Have you been postponing giving a makeover to your old bathrooms, making arrangements for a new pool, landscaping your backyard gardens, or fixing the paint job of your home, just because you are falling short of funds to finance the same?
A home renovation project isn’t a walk in the park! It takes time to plan, do your research, and invest a considerable sum of money, to add that much required ‘wow’ factor to your existing spaces. Interior work can convert your ordinary house into a posh retreat, provided you are lavish with your budgets. But where do you get this kind of budget from?
What is Home Equity?
Most homeowners purchase their abode by seeking a mortgage arrangement and paying up the EMIs, over a period of time. Ideally, until you haven’t paid the full amount of the loan, the asset isn’t yours fully. So, the term ‘home equity’ refers to the value of the home you own (as you have paid that much interest), without any debt attached to it.
Let’s take an example to explain this concept. If you have taken a loan of AED 4,90,000 and the remaining mortgage amount you still have to pay is AED 1,00,000, then AED 3,90,000 is your home equity.

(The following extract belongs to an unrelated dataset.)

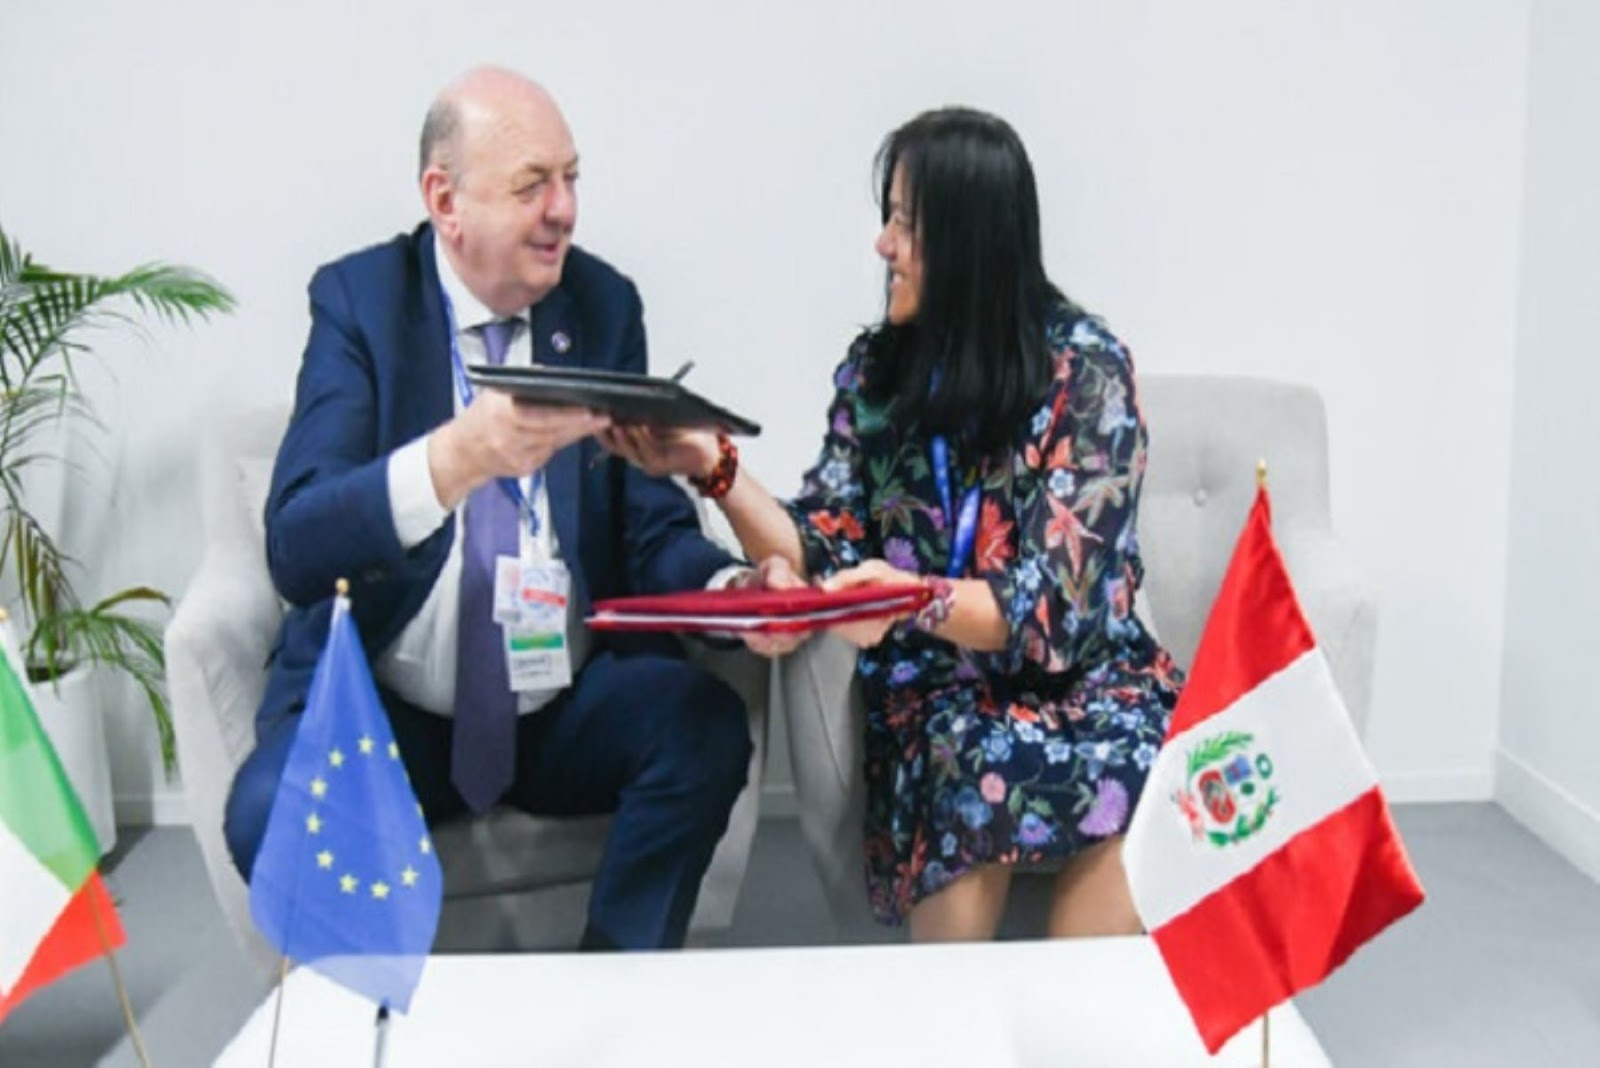 Ambos países hoy se ven beneficiados y se consolidan como líderes en la acción climática, en el marco de la Cumbre, destacó la ministra Albina Ruiz.

Understanding Equity Release
Equity release is when you free up or release cash from your property by borrowing against its current market value. So, if you have taken a loan say 5 years ago and you have been paying ever since towards its repayment, the amount which is paid up is your home’s equity value. As time goes by, the market value of your home must have increased, which further adds to the equity in your property at your disposal. Homeowners can use this equity to get credit and thereby fund their home renovation work. There are numerous options available to raise a credit against home equity release, after computing your credit score by the lender. This type of borrowing turns out to be advantageous, as the rate of interest may be greatly reduced, and your home itself acts as collateral without the need to produce any other asset before the bank/financial institution.
Why opt for Equity Release for Home Improvement Work
As discussed earlier, home refurbishment can be a costly affair and having that kind of hefty cash flow is difficult. One can approach banks for opting a ‘personal loan’, but the interest rates would be high and running around to comply with the contract could get tiresome.
Instead, why not leverage the advantage of equity release and borrow money from the same lender who has funded your home purchase. By this arrangement, you will have to deal with only one lender and make only one repayment every month – which will get adjusted to your existing repayment cycle.
This sounds like a clear win-win situation for both parties. The lender has already entrusted credibility to you at the time of buying the home and is confident of your track record for repayment, and the homeowner can get a loan at a cheaper interest rate against ‘equity release’ and wholeheartedly sign-up for the renovation work. Banks favor equity release, as the loan is backed by an asset being ‘the home’ and therefore there is very little chance for default.
Other Ways to Release Equity for Home Improvement
If using equity release for home improvements isn’t what you are looking at, here are some other common ways that homeowners choose to fund their home improvement projects.
If you have equity to your advantage, means you have paid up most of the mortgage amount and only a partial amount is left to completely call the house ‘your own’. Some people consider opting for a remortgage arrangement, which means, switching to another lender and opting for a larger amount of mortgage value – which will be used for your home improvement work. However, you must carefully work out the value you will be paying in the long run and it should not turn out to be very expensive. Also take into account the increased rate of interest over time, as the monthly payment may get expensive with every passing year.